● **WORK REQUIRED**
Pictures stay out of the copy. Retype exactly, and only, the lines from the one containing "Introducing Lee Display's" through the end of the listing below.

● **DATASET CONTENT**
□ □ □ □ □

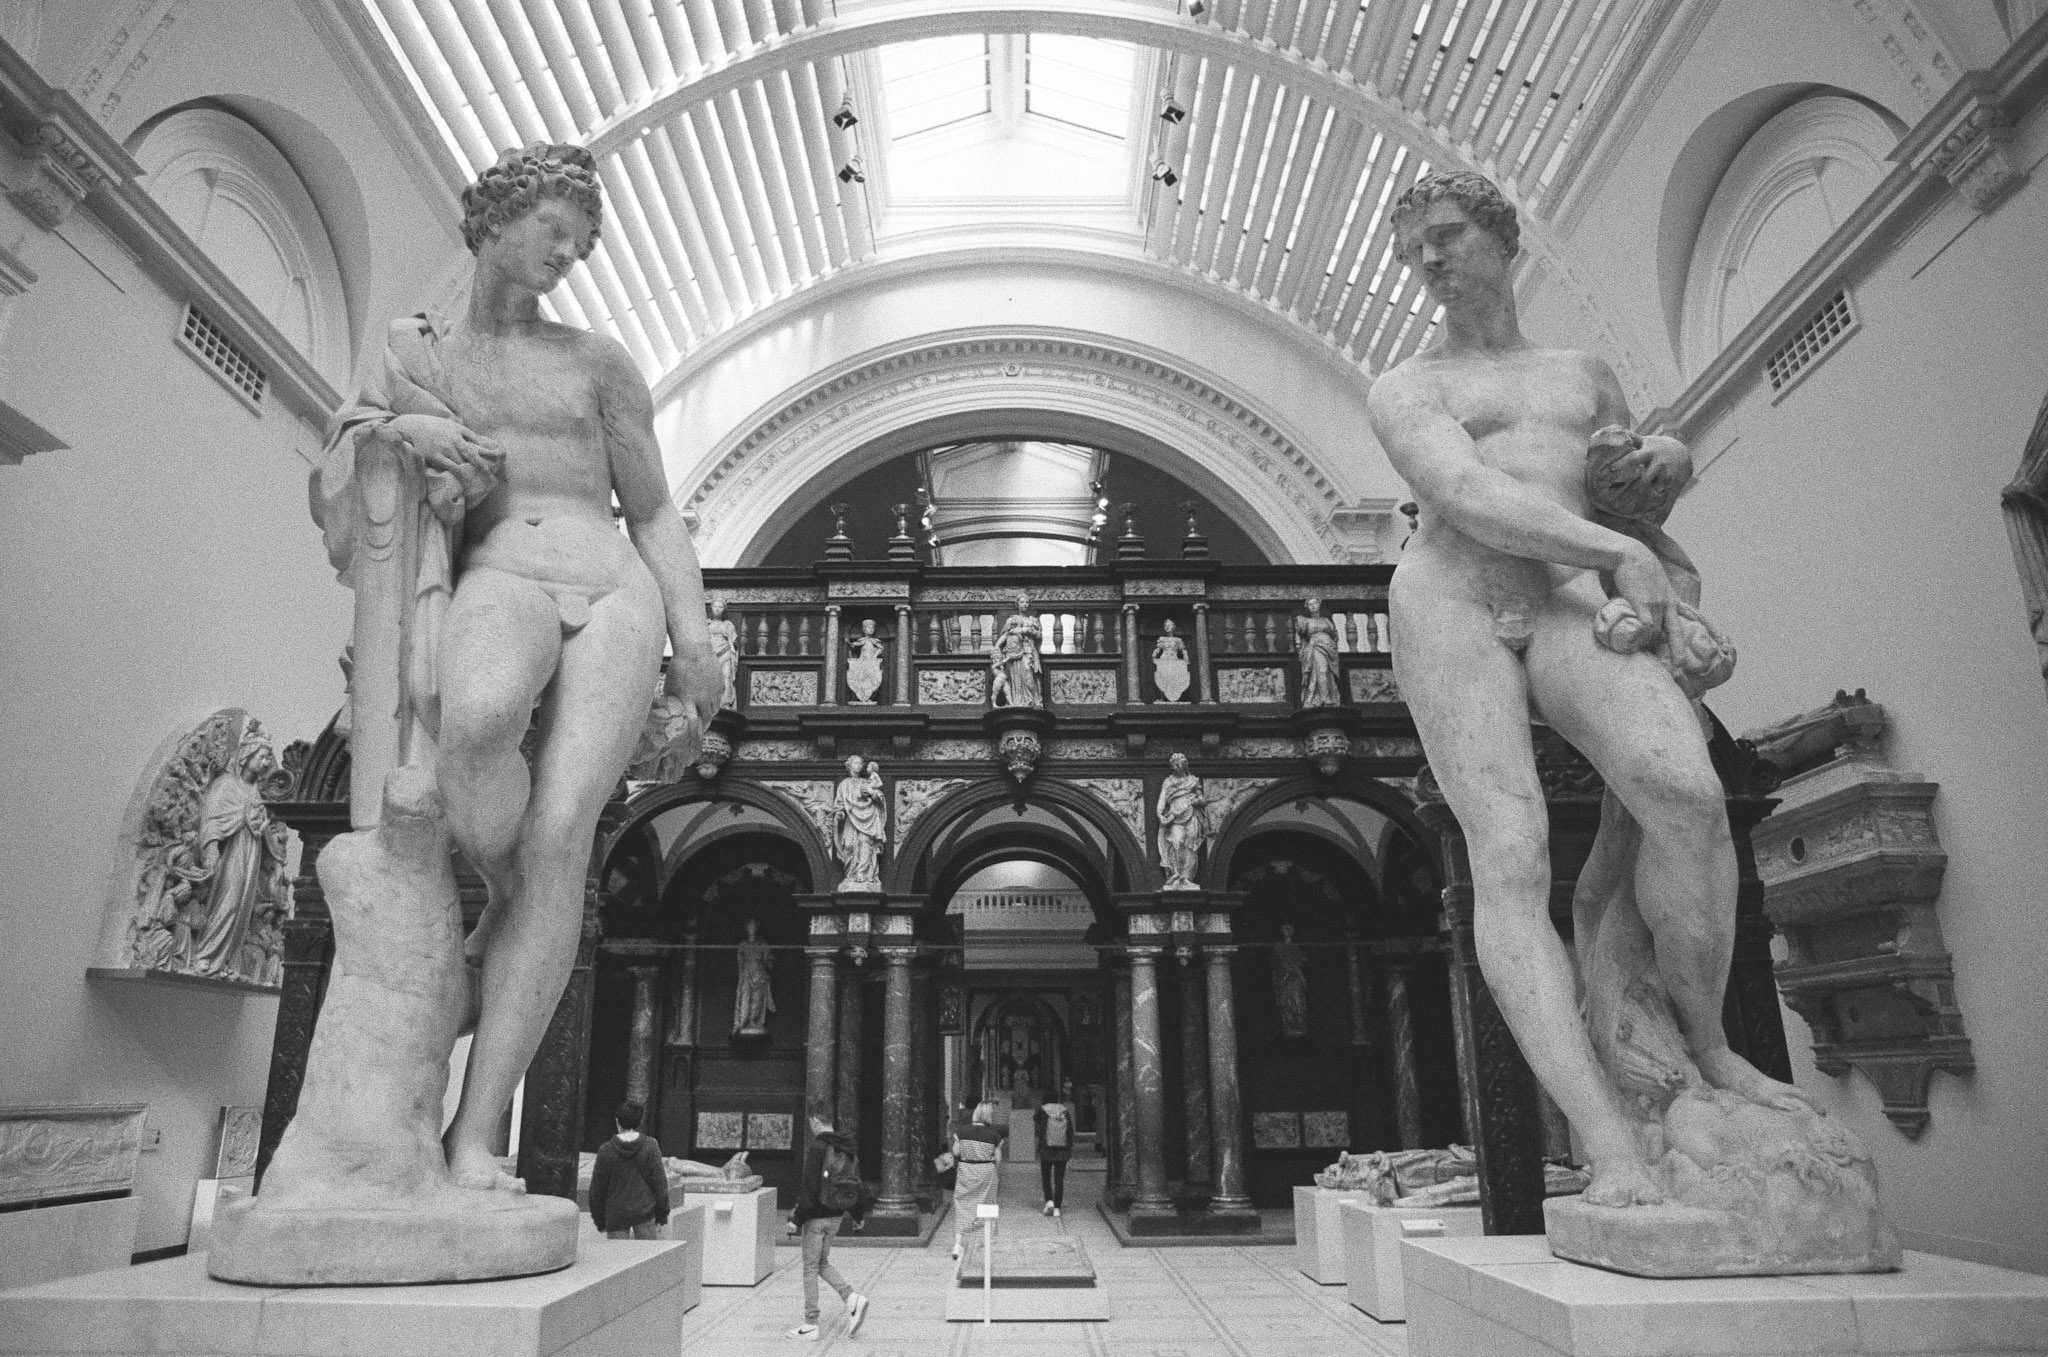 Two large Roman statues in the British Museum
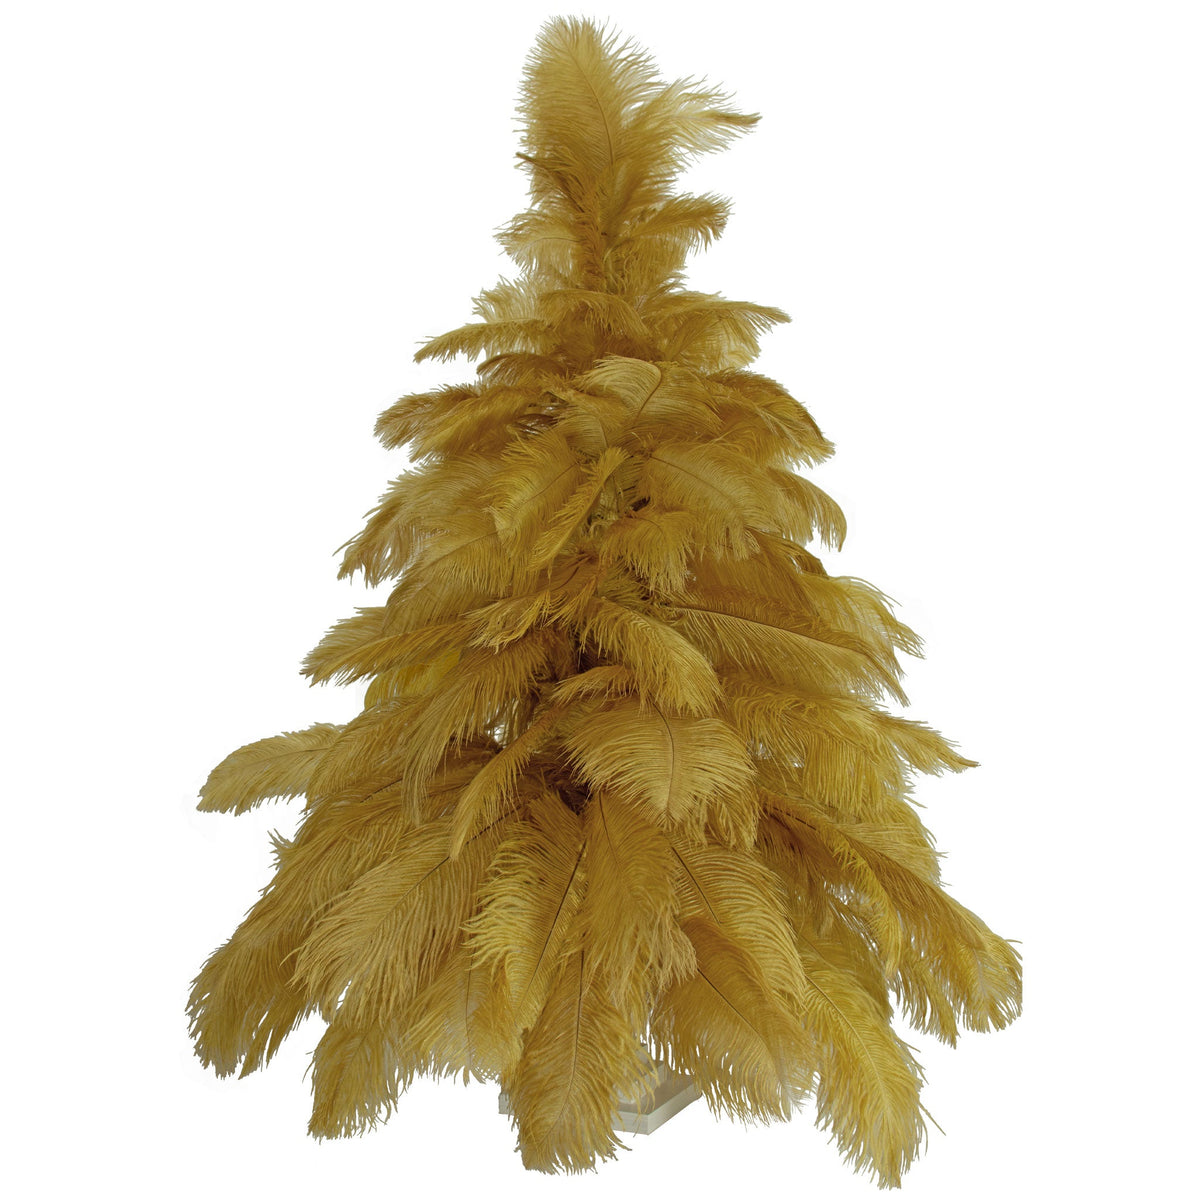 Introducing Lee Display's brand new Brown Ostrich Feather Christmas Trees! Made with real ostrich feathers
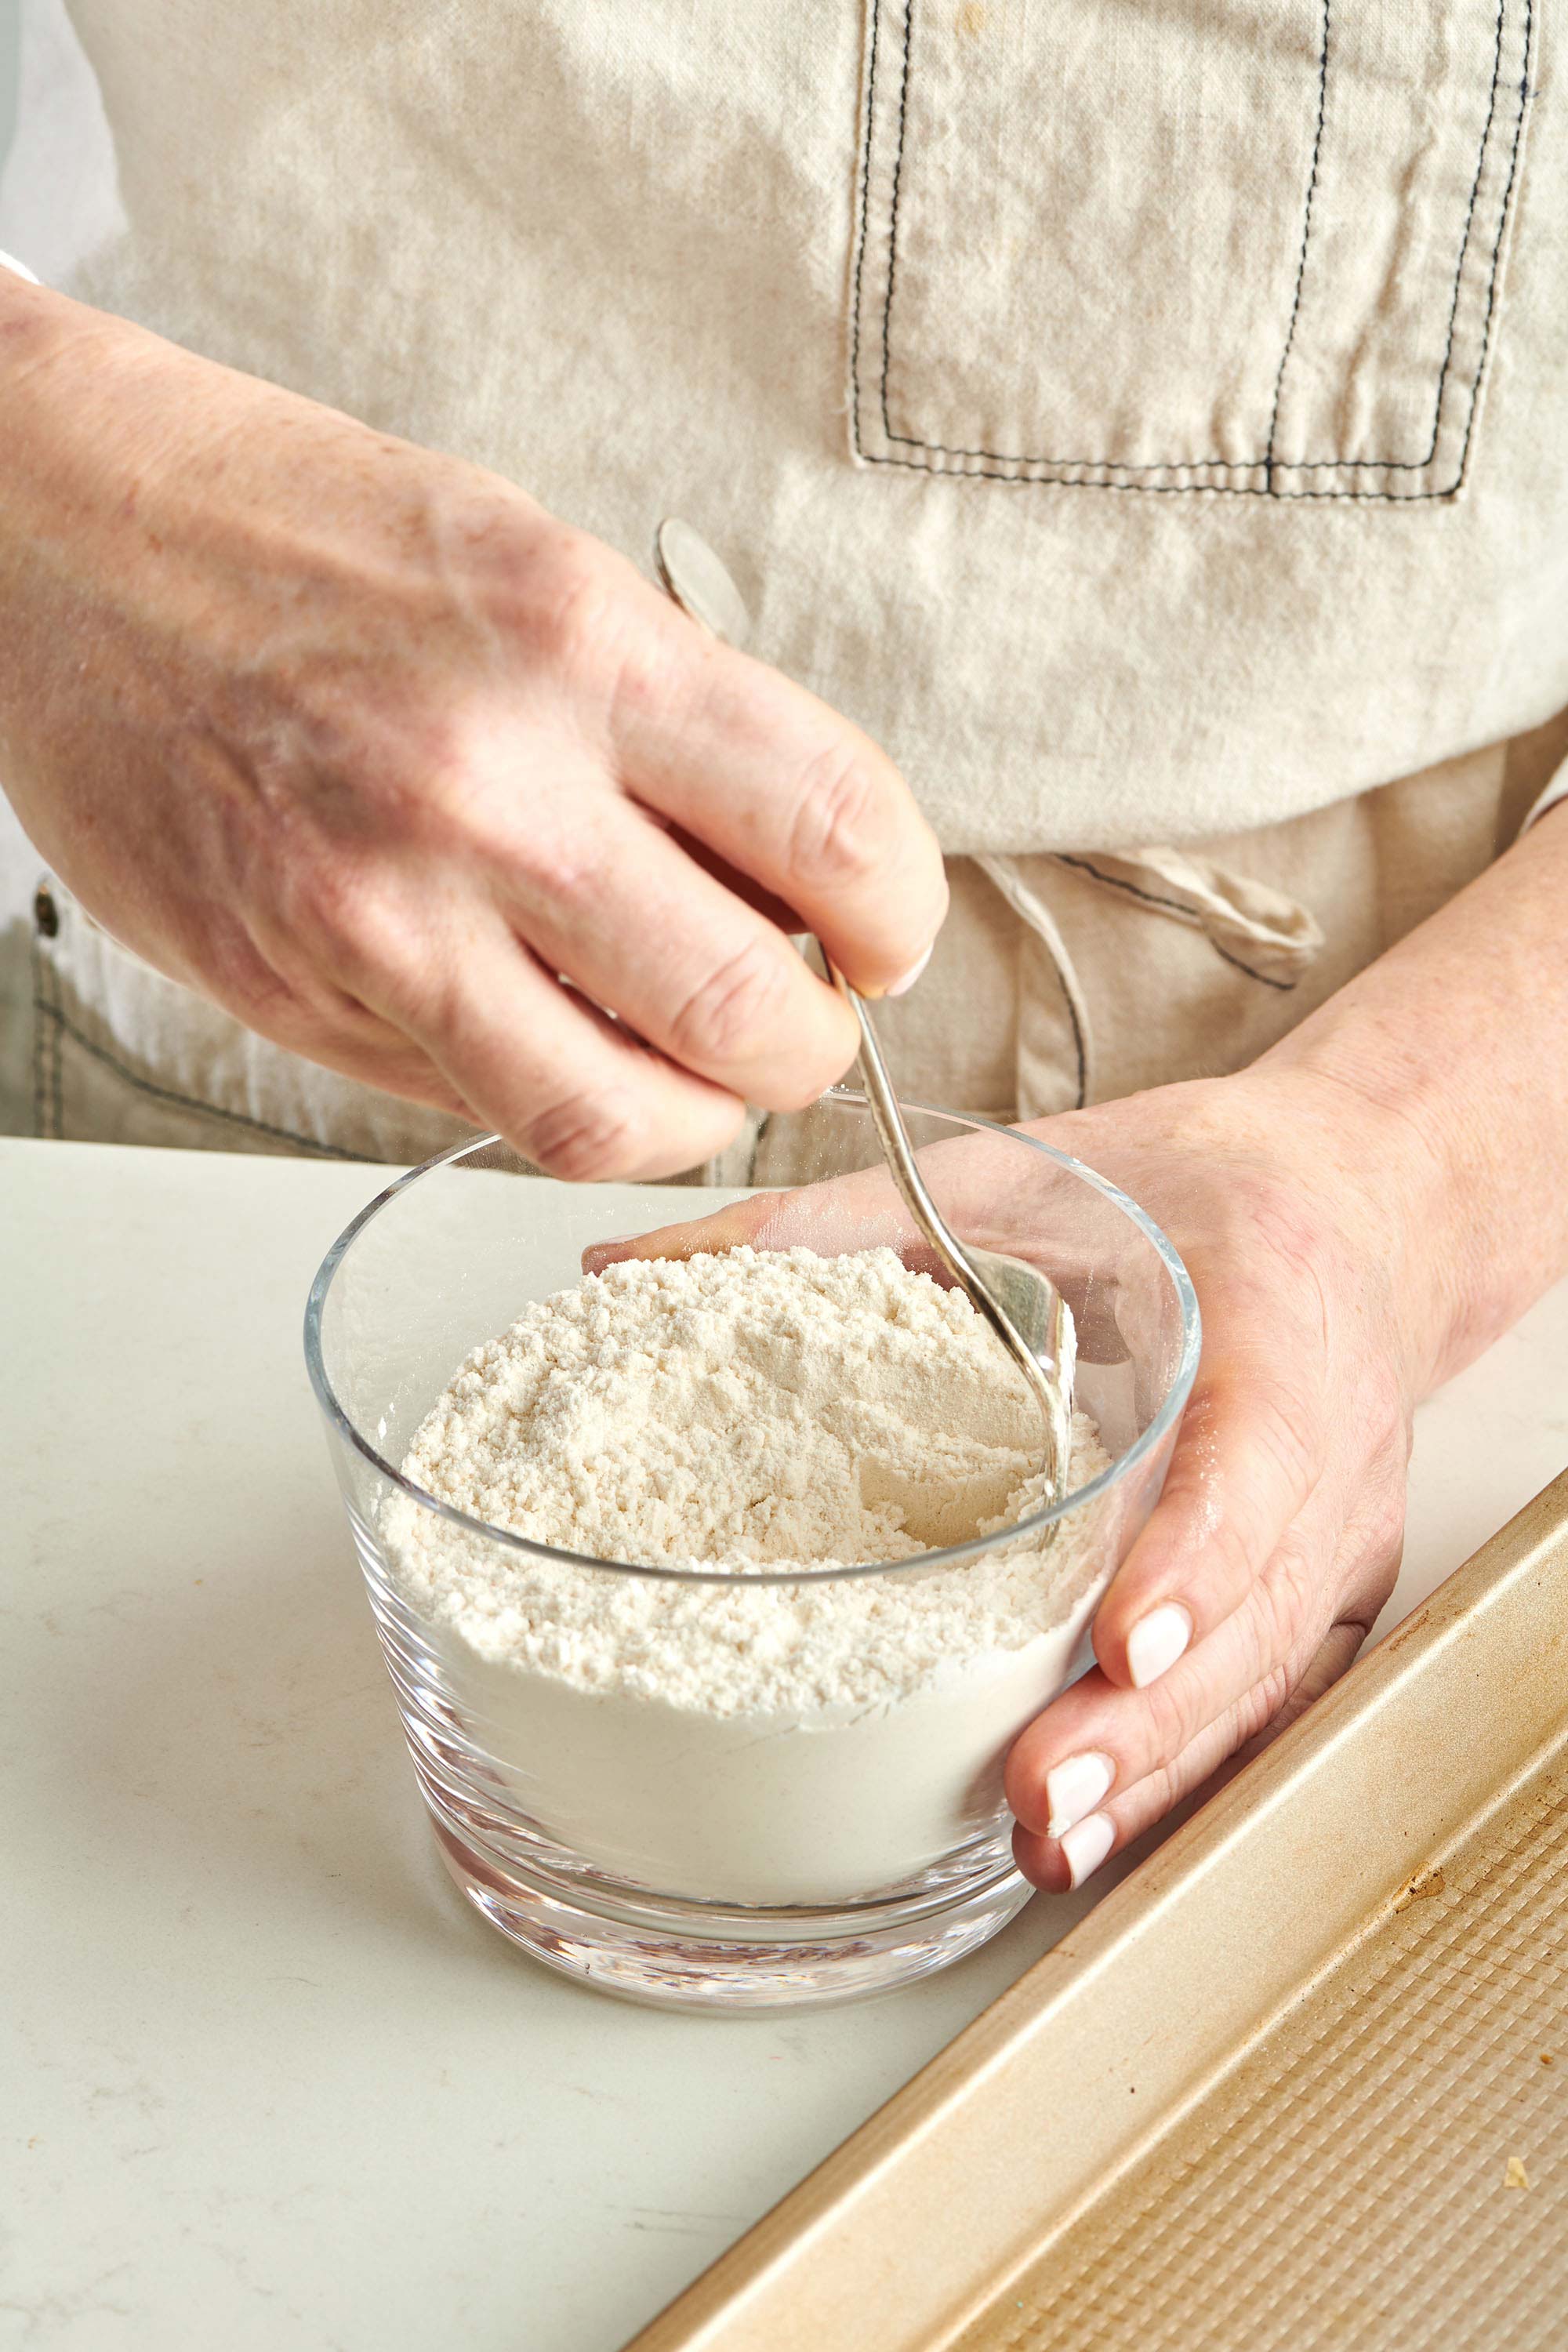 Woman stirring a small bowl of self-rising flour with a fork.

□ □ □ □ □

● **REPLY TO THE EXERCISE**
 Introducing Lee Display's brand new Brown Ostrich Feather Christmas Trees! Made with real ostrich feathers
 Woman stirring a small bowl of self-rising flour with a fork.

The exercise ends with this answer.